Selebihnya, jika kamu mendapat lebih, berarti itu bonus.

Dan juga, jangan sesali apa pun yang terjadi dalam hidupmu. Karena ketika kamu menyesal, kamu akan ikut tenggelam di dalamnya. Lalu tidak akan bisa keluar dan menemukan hal yang mencipta bahagia baru mu.

"Kamu lagi apa?"

"Nggak, gambar doang."

"Gambar apa? Boleh aku liat?"

Saat itu, aku coba menggambar kupu-kupu yang sedang menghinggapi bunga layu. Lalu Dewa bertanya,

"Kenapa bunga nya layu?"

"Kupu-kupu ini ibarat kamu, dan bunga layu ini ibarat aku."

"Kamu masih mau datangi aku yang udah nggak tau se layu apa. Kamu mau berusaha buat aku bisa mekar kembali padahal mungkin nggak akan bisa lagi."

...

"Makasih ya, Wa. Karena kamu, aku bisa nerima semuanya."

Dewa tersenyum, "Iya sayang, apapun itu, aku bakal ada buat kamu mulai sekarang. Kita bisa hadapi sama-sama ya."

Hei! Inget ya, kebahagiaan dan rasa sakit seseorang punya level berbeda. Mungkin menurutmu aku terlalu berlebihan hanya karena putus dengan Anggara, tanpa tahu bahwa dia lelaki pertama yang membuatku merasa cukup untuk di cintai. Tentunya setelah kasih sayang dari Papa ku.

"Nanti balik bareng, ya."

Bel pulang sekolah berbunyi, aku dan Dewa keluar kelas lalu berjalan beriringan menuju parkiran motor.

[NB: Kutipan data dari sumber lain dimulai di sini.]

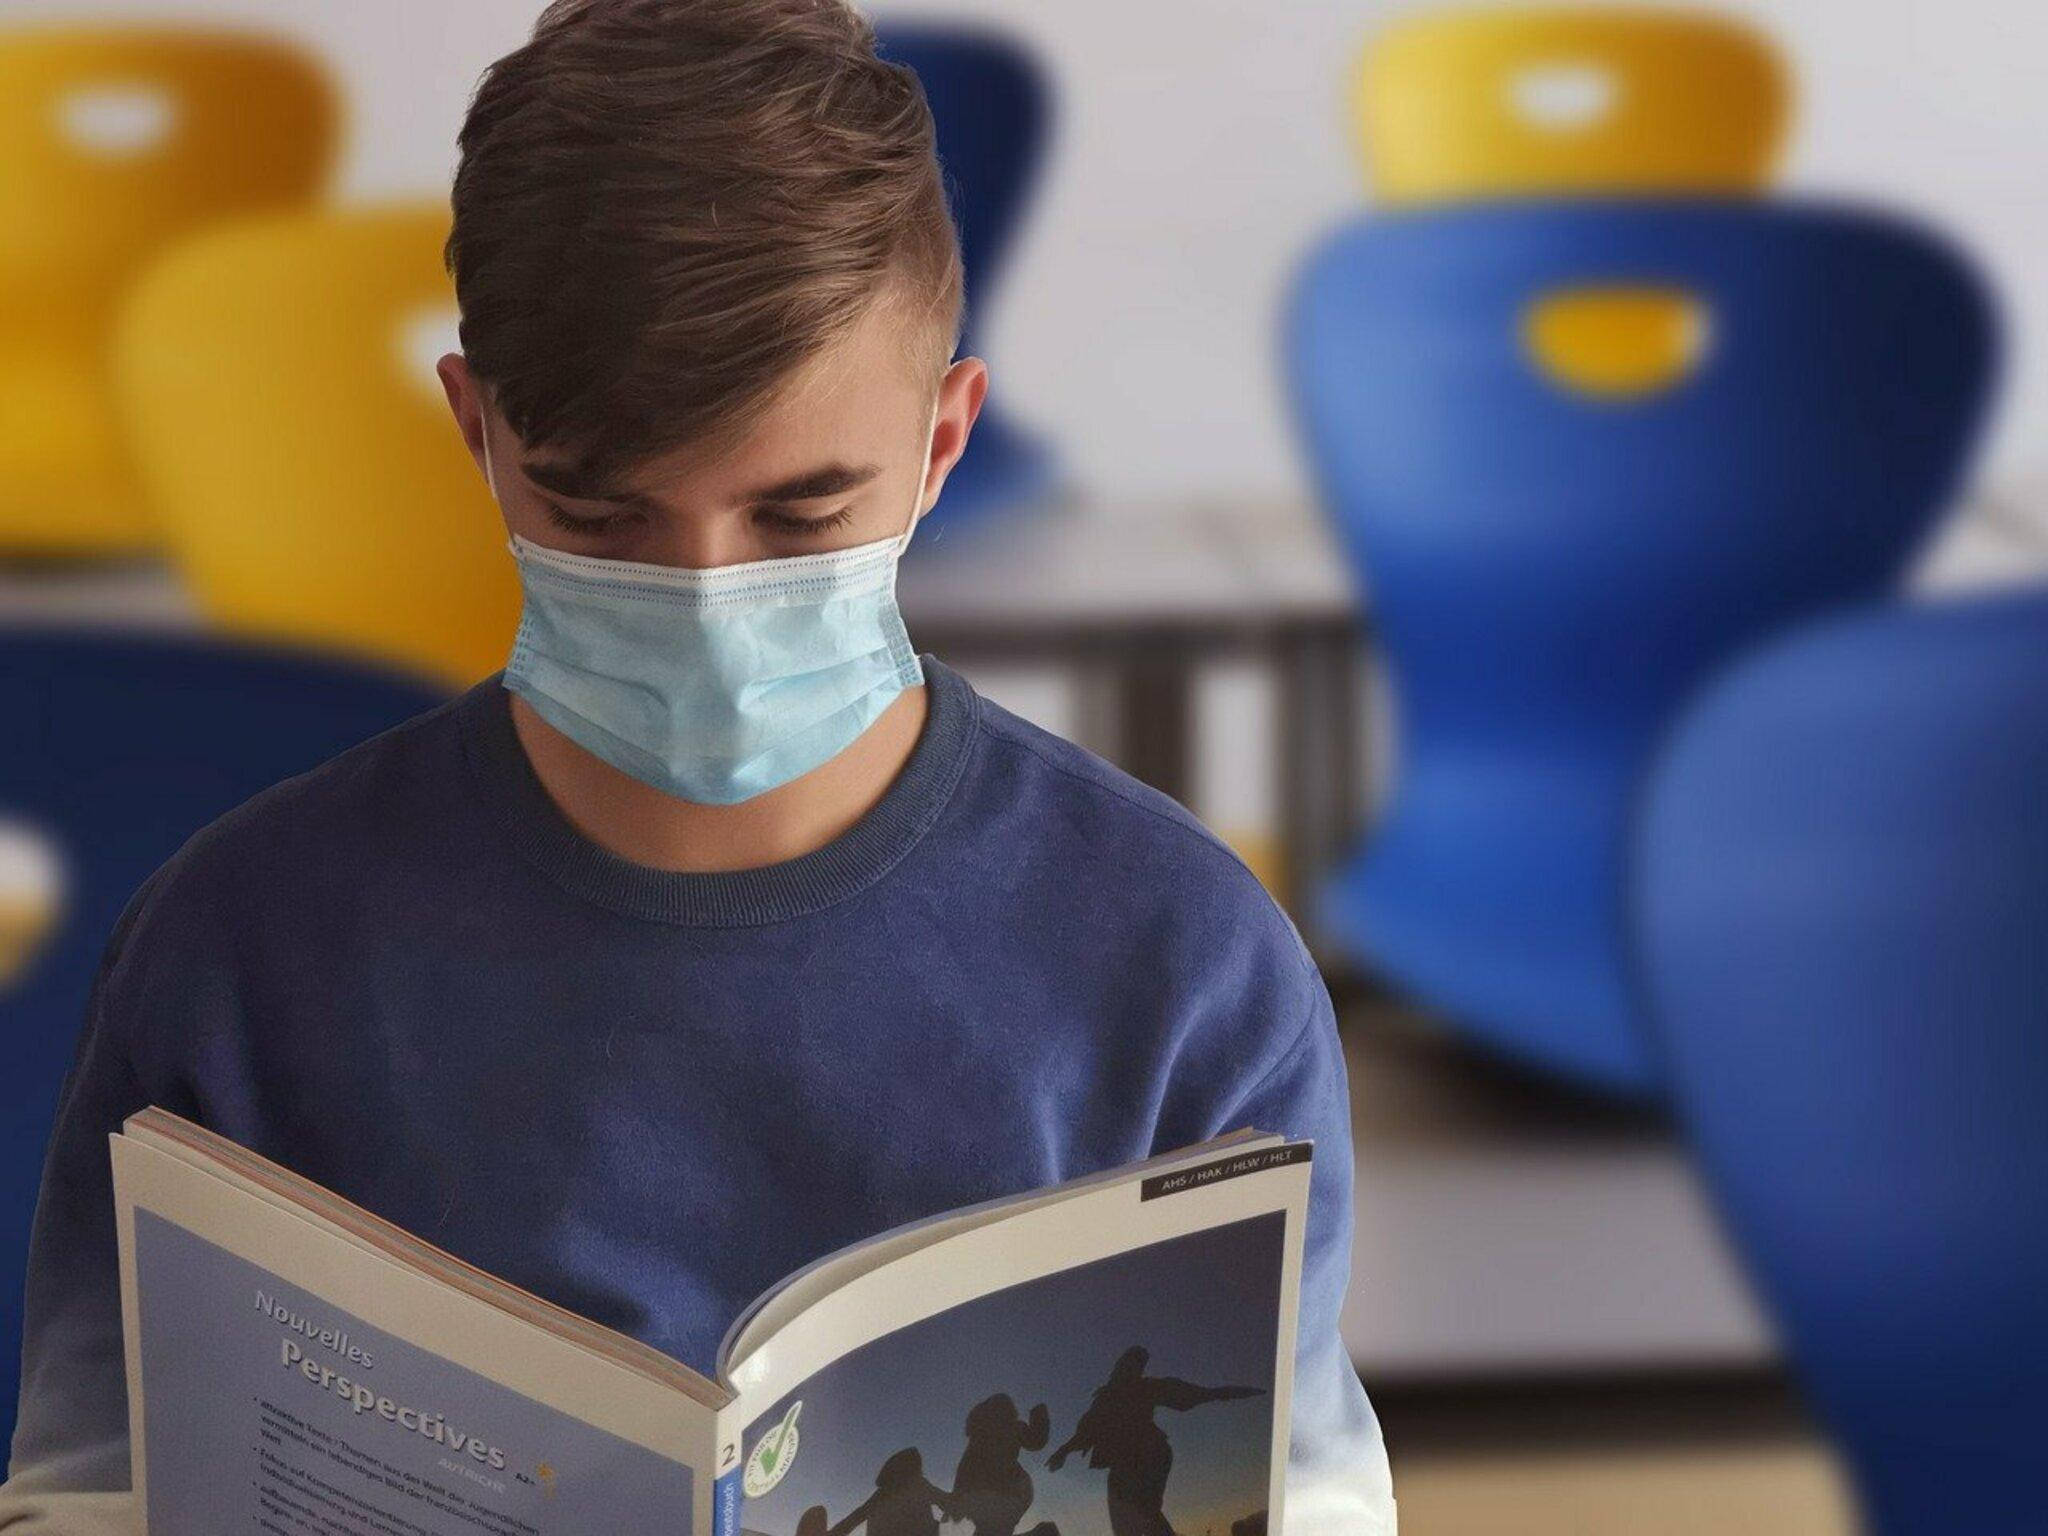 Діти частіше хворіють на коронавірус: як вберегти учнів від зараження в школі - Україна новини - Освіта
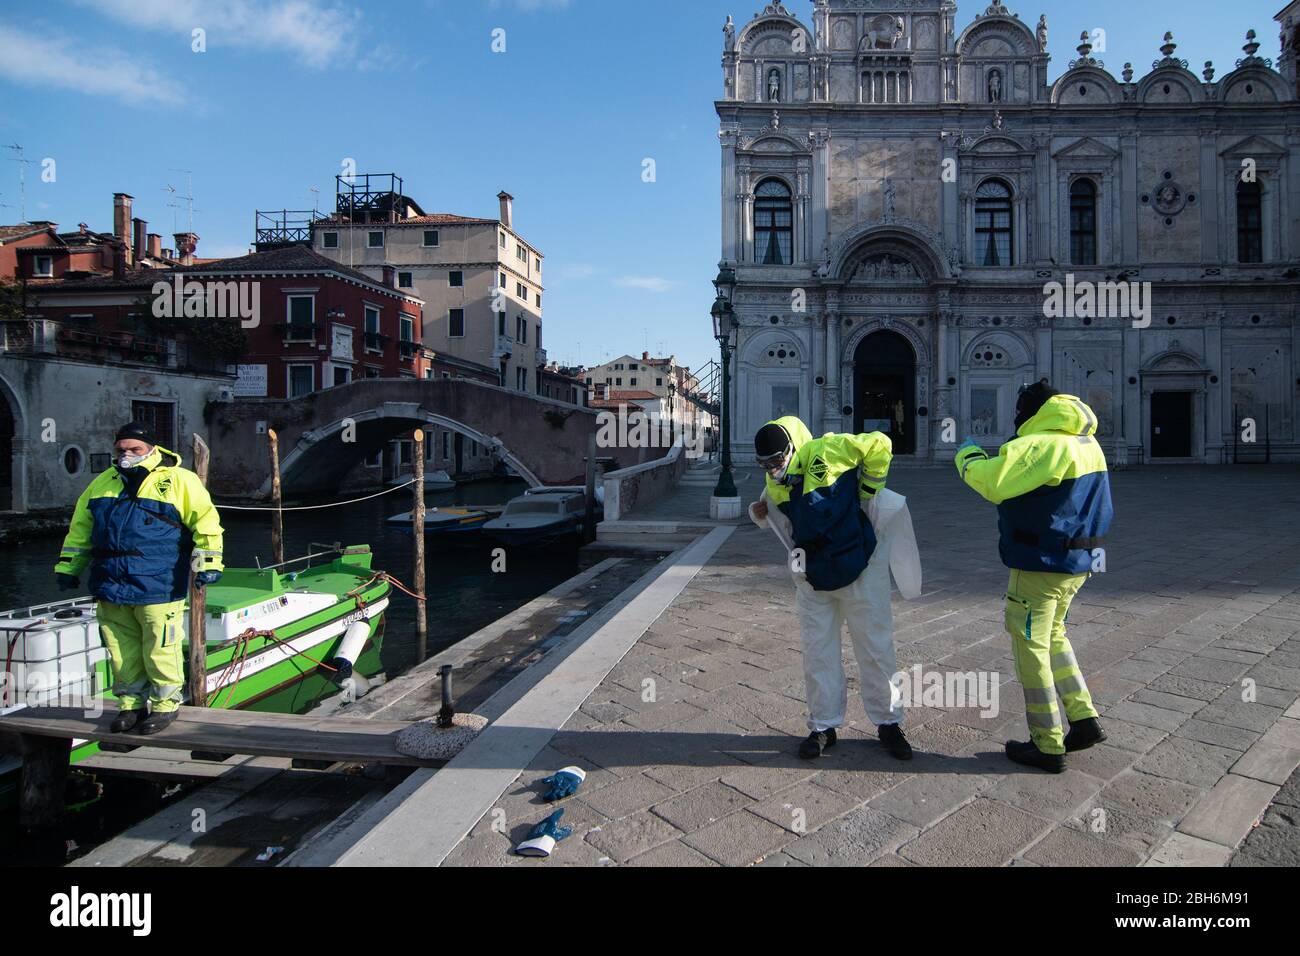 VENEZIA, ITALIA - APRILE 2020: I sanitizzatori si preparano a lavorare durante la chiusura nazionale per la pandemia Covid-19. Foto Stock

"Ca, nggak perlu terlalu di fikirin, kamu pasti bahagia walaupun nggak sama dia. Aku siap untuk buat kamu bahagia, jangan khawatir."

Aku berhenti melangkah kan kaki ku dan menatap Dewa dengan dalam. Apa yang barusan keluar dari mulutnya? Apa benar? Apa bisa di percaya? Apa bisa di buktikan? Karena Anggara juga suka berkata seperti itu. Namun akhirnya tetap meninggalkan ku.

Aku hanya tersenyum dengan sedikit memaksa. Sampai di rumah, aku menjatuhkan badan ku ke tempat tidur. Memejamkan mata ku dan menghela nafas panjang.

'Aku bisa'

Tok tok..

"Ibu boleh masuk?"

"Masuk, Bu."

"Ca, yang tadi nganter kamu siapa? Kok bukan Anggara?"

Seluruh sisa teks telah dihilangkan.